The NeedsAuth state is particularly clever. When a server returns 401, Claude Code doesn't just fail -- it transitions to needs-auth and provides a special McpAuthTool that lets the user trigger re-authentication without restarting the session.

Why this matters: In production, MCP connections fail in different ways. A server that needs OAuth re-auth shouldn't retry the same way as one with a network error. The five-state design lets each failure mode get targeted recovery.

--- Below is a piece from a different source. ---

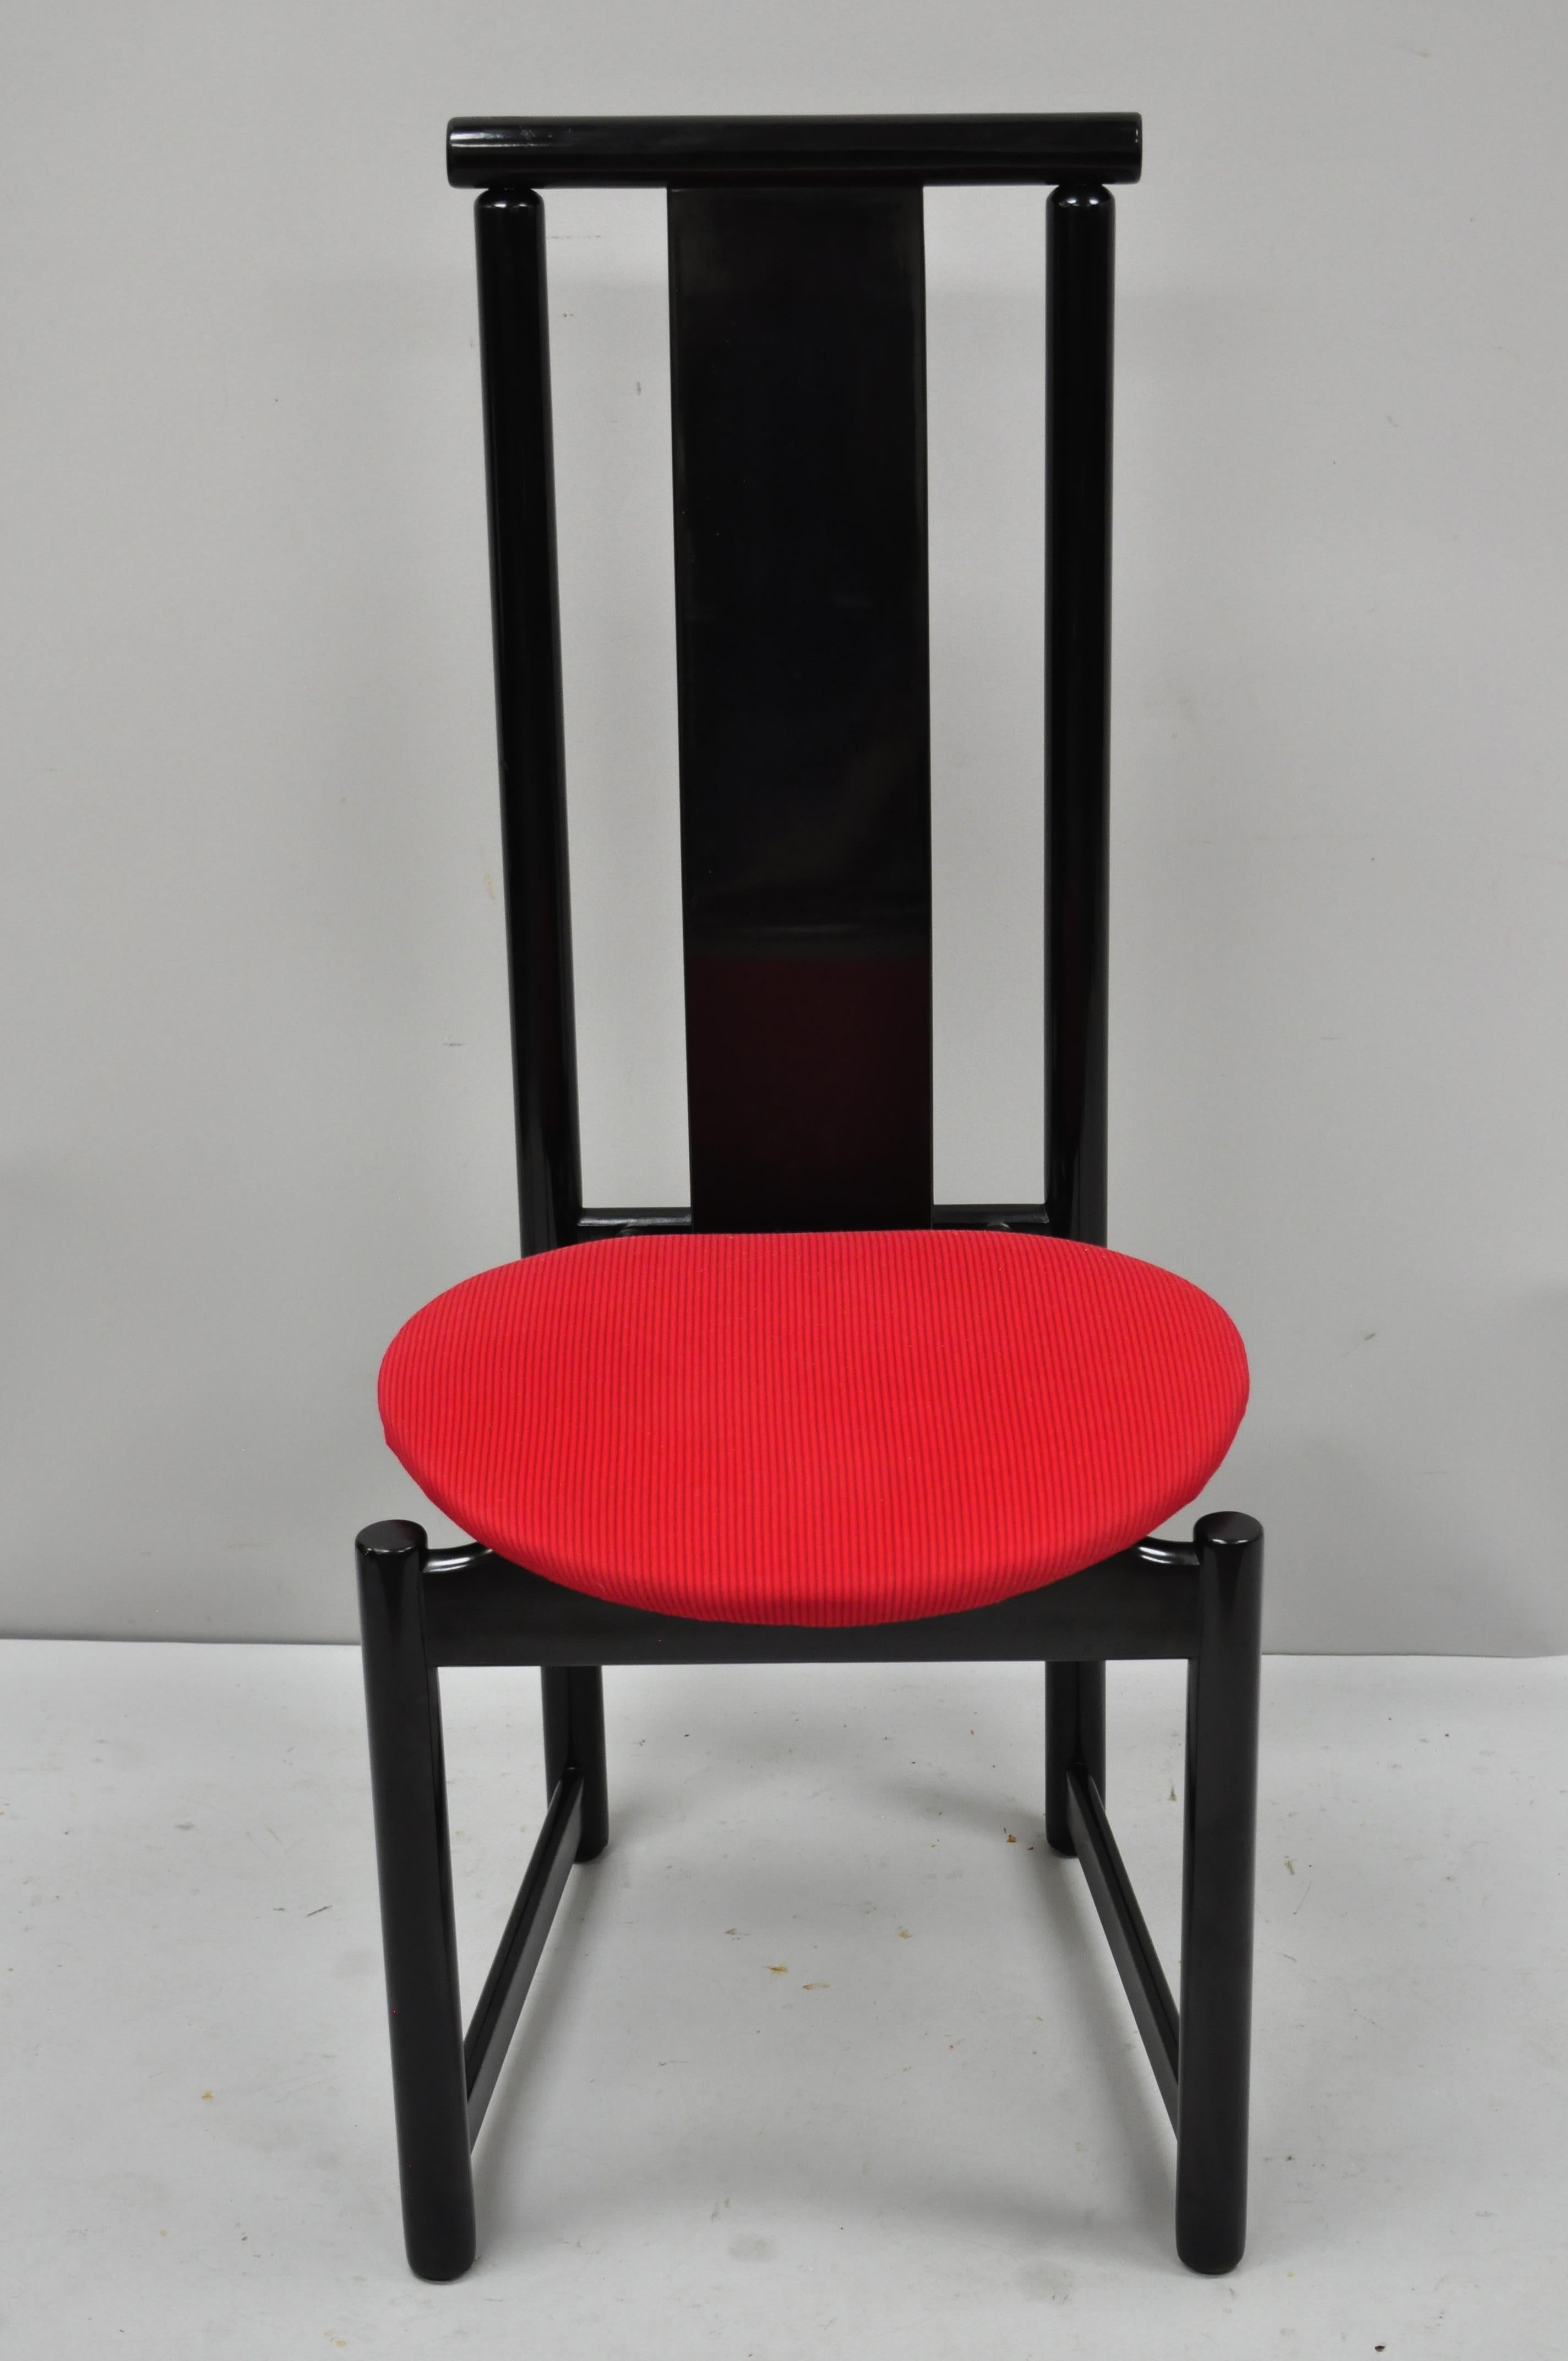 Set of 6 black lacquer post modern memphis style dining chairs red seat. Listing features (6) side chairs, black lacquer solid wood frames, red upholstered seat, sleek sculptural form. Circa late 20th century. Measurements: 39.5
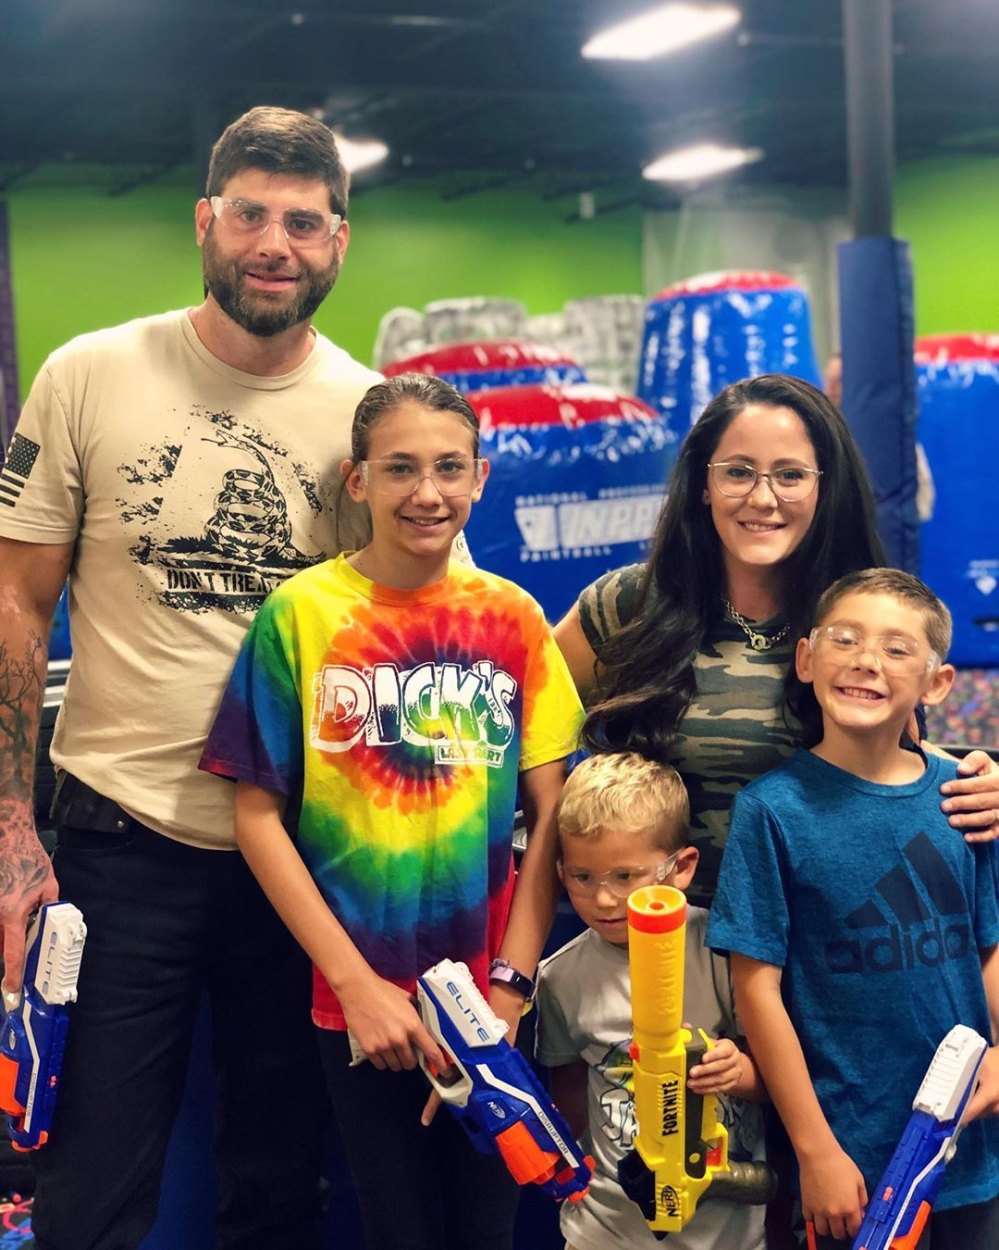 Jenelle Evans and David Eason Celebrate Her Son Jace’s 10th Birthday

2. Seven Transport Mechanisms

MCP is transport-agnostic by spec. Claude Code implements all seven:

Local:

  • stdio -- Standard I/O pipes (most common, zero config)
  • sdk -- In-process with zero serialization overhead (Agent SDK mode)

Remote:

  • sse -- Server-Sent Events + HTTP POST
  • http -- Streamable HTTP (MCP spec recommended)
  • ws -- WebSocket (full-duplex)

IDE-Specific:

  • sse-ide -- IDE extension variant (Windows compat)
  • ws-ide -- IDE extension variant

The sdk transport is interesting -- when running inside the Claude Agent SDK, MCP tools call directly into the process with no serialization. This is why Claude Code feels faster in SDK mode for MCP-heavy workflows.


3. The Template Override Pattern (Instead of Inheritance)

Here's how Claude Code bridges MCP tools into its internal tool system:

export const MCPTool = buildTool({
  isMcp: true,
  name: 'mcp',  // Overridden at runtime
  maxResultSizeChars: 100_000,  // 100KB hard limit

  get inputSchema() {
    return z.object({}).passthrough()  // Accept ANY input
  },

  async checkPermissions() {
    return { behavior: 'passthrough' }  // Defer to invocation time
  },
})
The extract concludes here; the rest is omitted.